При разборе этики Юма обнаруживается, что в отличие от истории и критики религии он занимает здесь позиции, наиболее отклоняющиеся от просветительских. Некоторые методологические принципы теории морали роднят его, впрочем, не только с Гоббсом и Мандевилем, но и с современными ему передовыми французскими мыслителями. Имеется в виду представление о неизменности человеческой природы и о строгом детерминизме, которому подчинены все поступки людей, а также отрицание религиозного аскетизма и ханжества.
На этику Юма заметно повлияли идеи, заимствованные им от различных предшественников, — идеи и ошибочные и верные. Он согласен с Шефтсбери и Хатчесоном уже в том, что этика есть дело интуиции и чувства, а не размышления. «…Правила морали не являются заключениями нашего разума… ценность наших поступков не состоит в их согласии с разумом, так же как их предосудительность не заключается в противоречии последнему» (19, т. 1, стр. 604–605). Иррационалистскому моменту в этих положениях Юм дает следующее объяснение: «…там, где разбужены аффекты, — считает он, — нет места для свободного воображения. Человеческий ум, будучи по своей природе ограничен, не может проявить свои способности сразу одновременно, и чем больше преобладает активность одной из них, тем меньше остается у него возможности для проявления других» (23, стр. 160).
Юм согласен с Шефтсбери и Хатчесоном и в том, что этика должна быть построена независимо от познания чего-то «особого», которое находится «вне» моральных и вообще психических побуждений людей. Уже эти два мыслителя, столь резко противопоставившие чувство разуму, придавали важное значение «симпатии» как особому и очень сильному альтруистическому чувству.
Из учения Ньютона о гравитации Юм делает вывод о возможности истолковать «симпатию» как особого рода притяжение между людьми. От Гоббса Юм заимствует отрицание какой-либо сверхъестественной морали, имеющей якобы божественное происхождение. Вслед за Гоббсом он придает своей этике ярко выраженную антиклерикальную направленность, и об этом свидетельствуют многие страницы «Истории Англии».
Однако этика Юма не эклектична: его агностицизм и ассоцианизм придали ей единое направление, хотя и не смогли обеспечить однозначности в конечных результатах.

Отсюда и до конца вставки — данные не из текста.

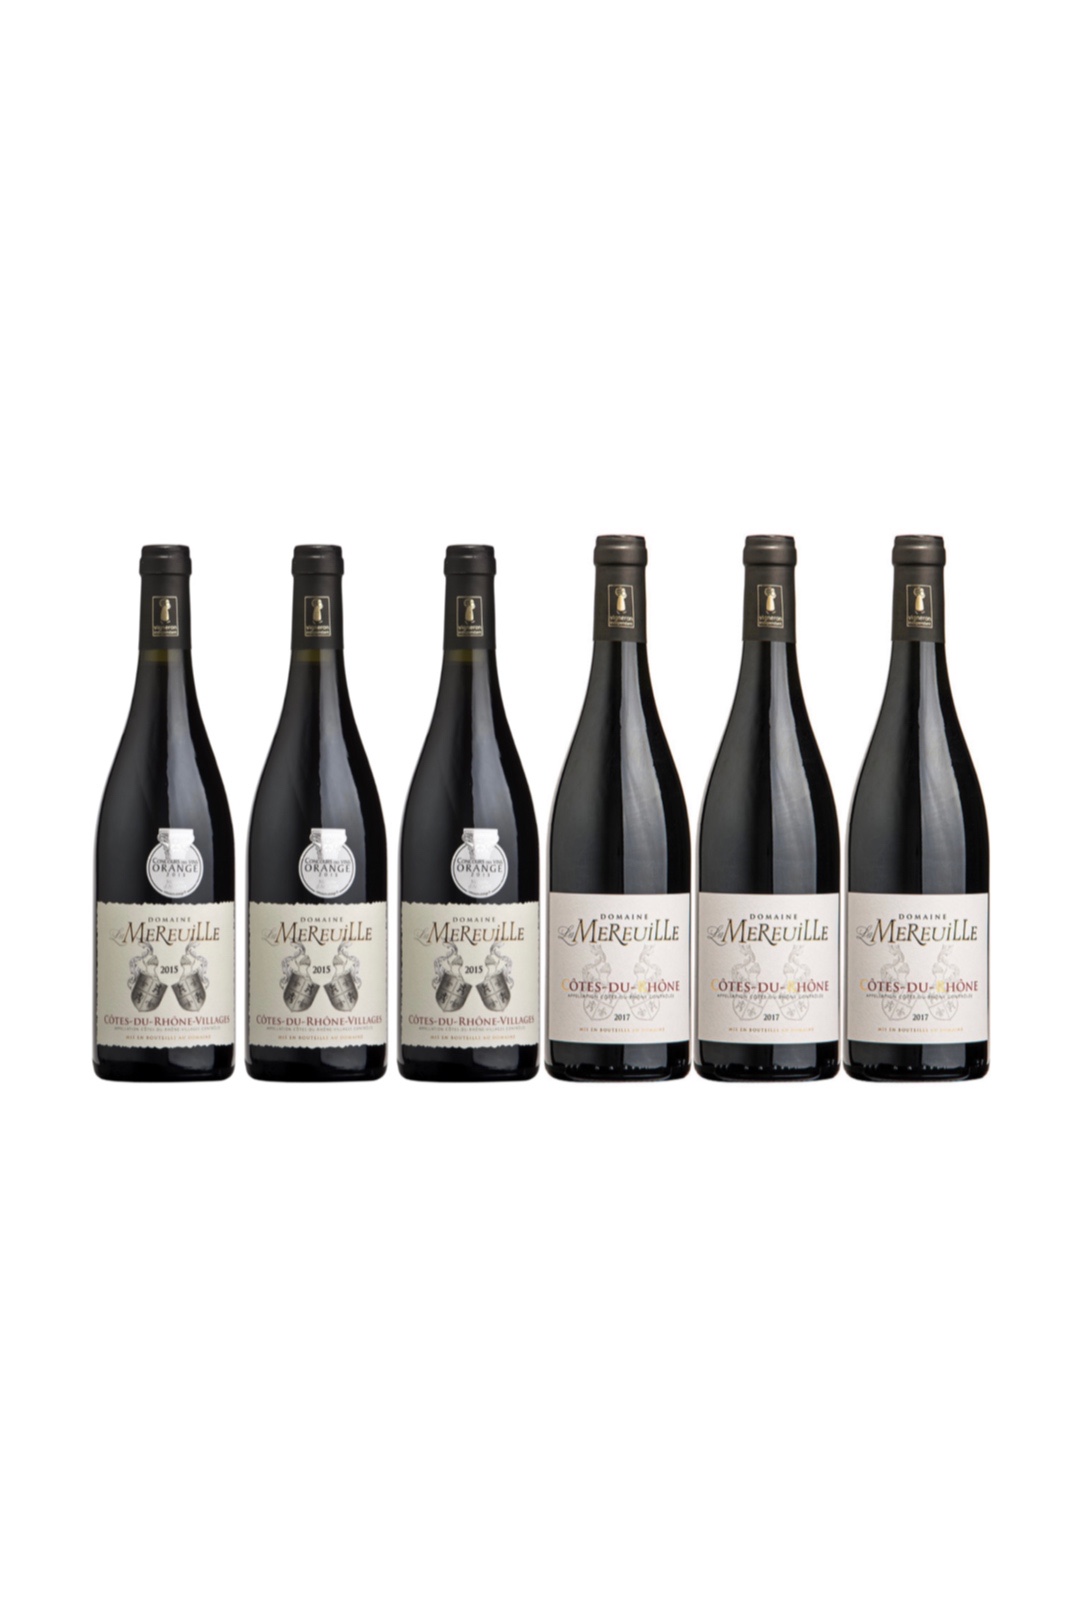 6 Award Winning Cotes Du Rhone Rouge and Village From Mereuille at only $180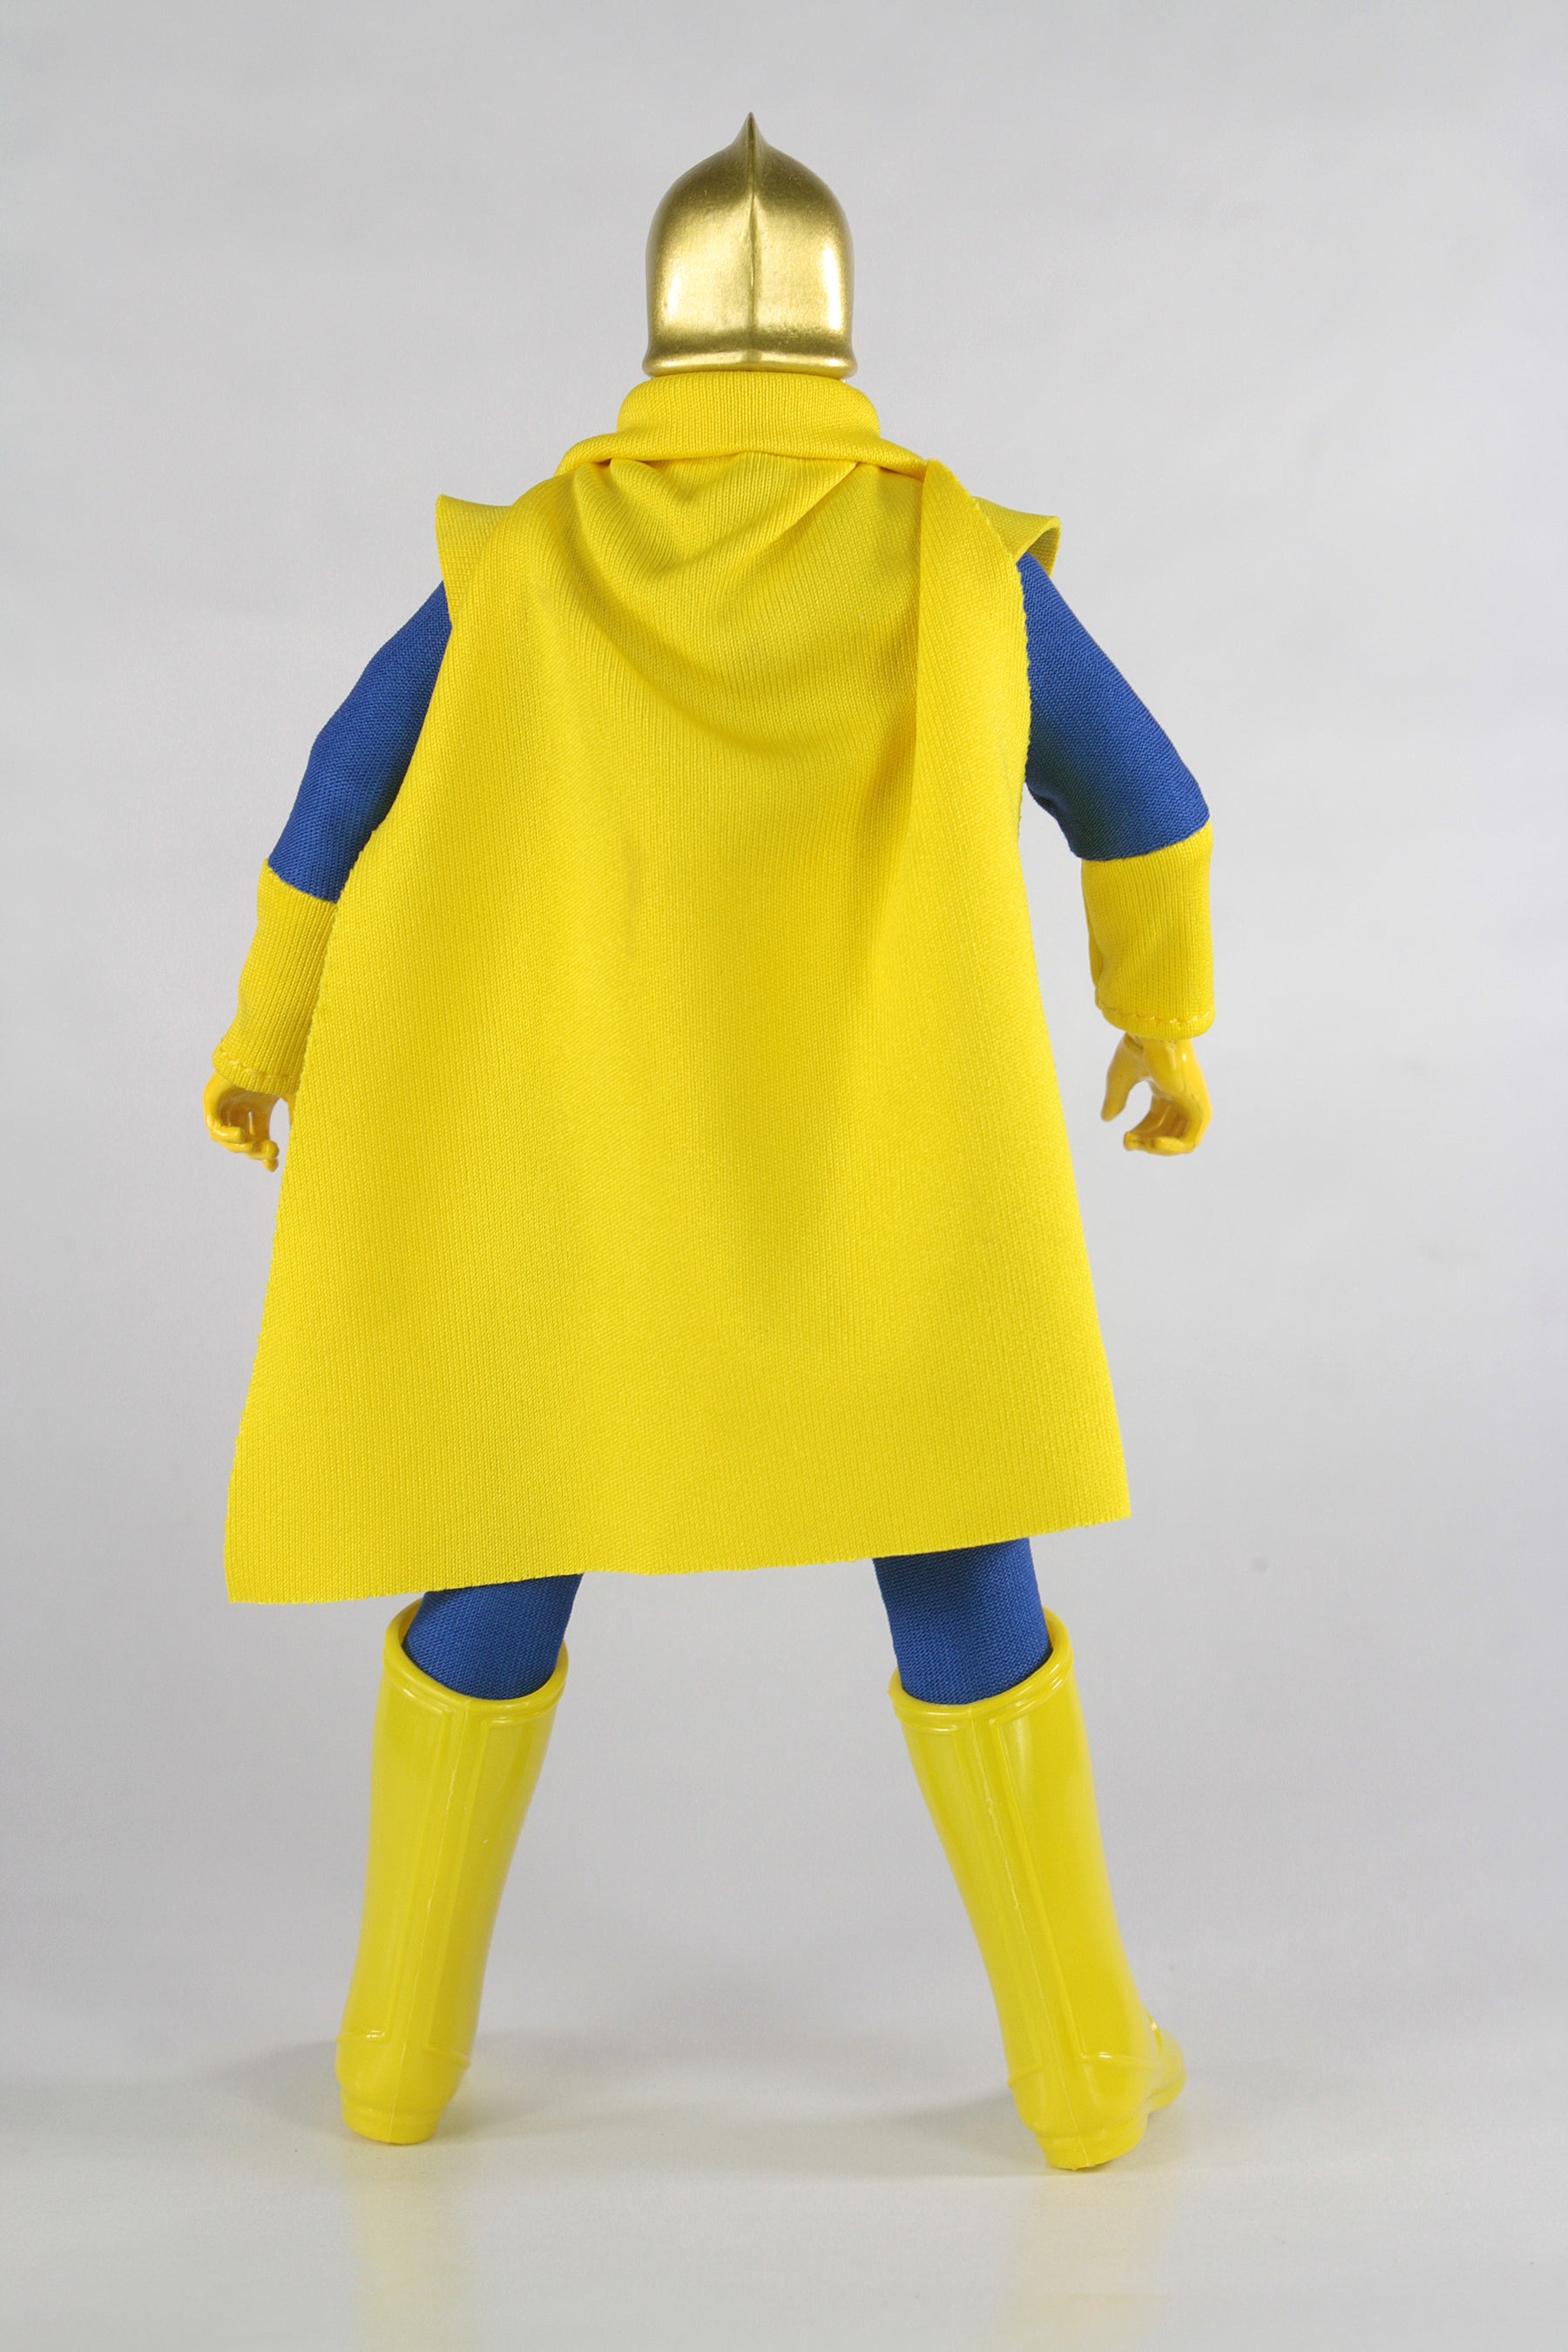 Mego Wave 18 - Dr. Fate 50th Anniversary World's Greatest Superheroes 8" Action Figure

Не смогли тем более, что Юм не захотел ограничить свою этику агностическими рамками и далеко вышел за них.
Отправным пунктом этического учения Юма были не перечисленные выше мотивы сами по себе, но, как и в теории познания, тщательно им выявленные и списанные многочисленные факты человеческой психики, и на этот раз факты ее эмоционального содержания, то есть «рефлексии» (этот термин приведен здесь в его, юмовском значении). Рассмотрение аффектов желания и отвращения, надежды и отчаяния, радости и печали, гордости и униженности, благожелательности и злобы и так далее и их ассоциативных взаимодействий составляет второй том «Трактата о человеческой природе», и оно проведено там с большой тонкостью и обстоятельностью. Для того чтобы этика стала научной, необходимо, считает Юм, чтобы она была превращена прежде всего в психологию аффектов или по крайней мере опиралась бы на последнюю.
Порок и добродетель, согласно исходным установкам Юма, не есть нечто объективное. Моральные оценки и не истинны и не ложны, а просто «имеются налицо», подобно тому как «имеются налицо» побуждения, взгляды и поступки людей. И задача этики состоит в первую и главную очередь в том, чтобы описать, какие, где и когда у людей бывают моральные импульсы, как и когда поступают они в соответствии с этими импульсами или же вопреки им. Юм доказывает необходимость построения этики как описательной (дескриптивной) дисциплины.
Стремясь к разработке дескриптивной этики, Юм имел в виду максимально приблизить ее как науку к фактам и освободить ее от произвольных и бесплодных спекуляций. И мы найдем во второй и третьей книгах «Трактата о человеческой природе», а также во втором «Исследовании…» Юма (вместе с примыкающими к нему важными «Дополнениями») массу очень тонких и интересных наблюдений из области эмоциональной психологии людей, большое количество фактов из сферы соотношений, контрастов и взаимопереходов человеческих аффектов и страстей.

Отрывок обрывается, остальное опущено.